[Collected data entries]
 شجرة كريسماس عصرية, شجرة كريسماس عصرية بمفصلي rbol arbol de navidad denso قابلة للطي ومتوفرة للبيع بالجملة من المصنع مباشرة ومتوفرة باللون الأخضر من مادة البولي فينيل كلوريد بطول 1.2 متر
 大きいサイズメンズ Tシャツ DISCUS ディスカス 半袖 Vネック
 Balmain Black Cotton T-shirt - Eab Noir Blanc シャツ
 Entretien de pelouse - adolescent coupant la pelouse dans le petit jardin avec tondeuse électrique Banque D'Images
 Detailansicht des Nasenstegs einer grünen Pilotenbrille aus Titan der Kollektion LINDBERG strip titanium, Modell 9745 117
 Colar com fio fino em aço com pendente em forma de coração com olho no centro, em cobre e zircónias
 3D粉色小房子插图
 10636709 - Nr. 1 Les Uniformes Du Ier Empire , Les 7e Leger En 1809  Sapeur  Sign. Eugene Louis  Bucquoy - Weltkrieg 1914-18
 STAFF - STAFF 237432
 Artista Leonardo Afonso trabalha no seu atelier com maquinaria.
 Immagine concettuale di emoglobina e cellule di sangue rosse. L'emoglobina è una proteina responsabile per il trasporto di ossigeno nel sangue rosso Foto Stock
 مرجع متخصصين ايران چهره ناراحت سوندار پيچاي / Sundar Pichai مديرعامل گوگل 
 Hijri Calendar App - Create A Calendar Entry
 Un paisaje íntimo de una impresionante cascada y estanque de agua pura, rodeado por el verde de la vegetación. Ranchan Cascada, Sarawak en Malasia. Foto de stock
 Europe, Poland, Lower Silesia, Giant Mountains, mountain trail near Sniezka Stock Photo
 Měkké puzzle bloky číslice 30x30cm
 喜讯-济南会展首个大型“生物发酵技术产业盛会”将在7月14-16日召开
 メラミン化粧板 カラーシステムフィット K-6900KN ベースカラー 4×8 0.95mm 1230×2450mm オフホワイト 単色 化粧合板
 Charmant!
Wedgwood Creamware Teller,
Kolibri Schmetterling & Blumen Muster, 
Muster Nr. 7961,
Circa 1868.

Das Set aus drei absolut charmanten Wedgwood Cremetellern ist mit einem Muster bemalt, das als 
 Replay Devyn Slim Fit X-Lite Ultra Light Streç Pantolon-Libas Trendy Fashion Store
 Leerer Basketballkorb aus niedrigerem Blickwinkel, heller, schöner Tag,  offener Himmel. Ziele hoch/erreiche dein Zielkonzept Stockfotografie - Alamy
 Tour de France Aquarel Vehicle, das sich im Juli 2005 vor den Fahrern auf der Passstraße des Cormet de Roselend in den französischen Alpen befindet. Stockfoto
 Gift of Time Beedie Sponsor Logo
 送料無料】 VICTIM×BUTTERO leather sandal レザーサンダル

__TASK__
Retype only the lines above between the line with "Immagine concettuale di" and the line with "Europe, Poland, Lower", counting those two lines as well, and keep every character as it is.

__SOLUTION TO THE EXERCISE__
 Immagine concettuale di emoglobina e cellule di sangue rosse. L'emoglobina è una proteina responsabile per il trasporto di ossigeno nel sangue rosso Foto Stock
 مرجع متخصصين ايران چهره ناراحت سوندار پيچاي / Sundar Pichai مديرعامل گوگل 
 Hijri Calendar App - Create A Calendar Entry
 Un paisaje íntimo de una impresionante cascada y estanque de agua pura, rodeado por el verde de la vegetación. Ranchan Cascada, Sarawak en Malasia. Foto de stock
 Europe, Poland, Lower Silesia, Giant Mountains, mountain trail near Sniezka Stock Photo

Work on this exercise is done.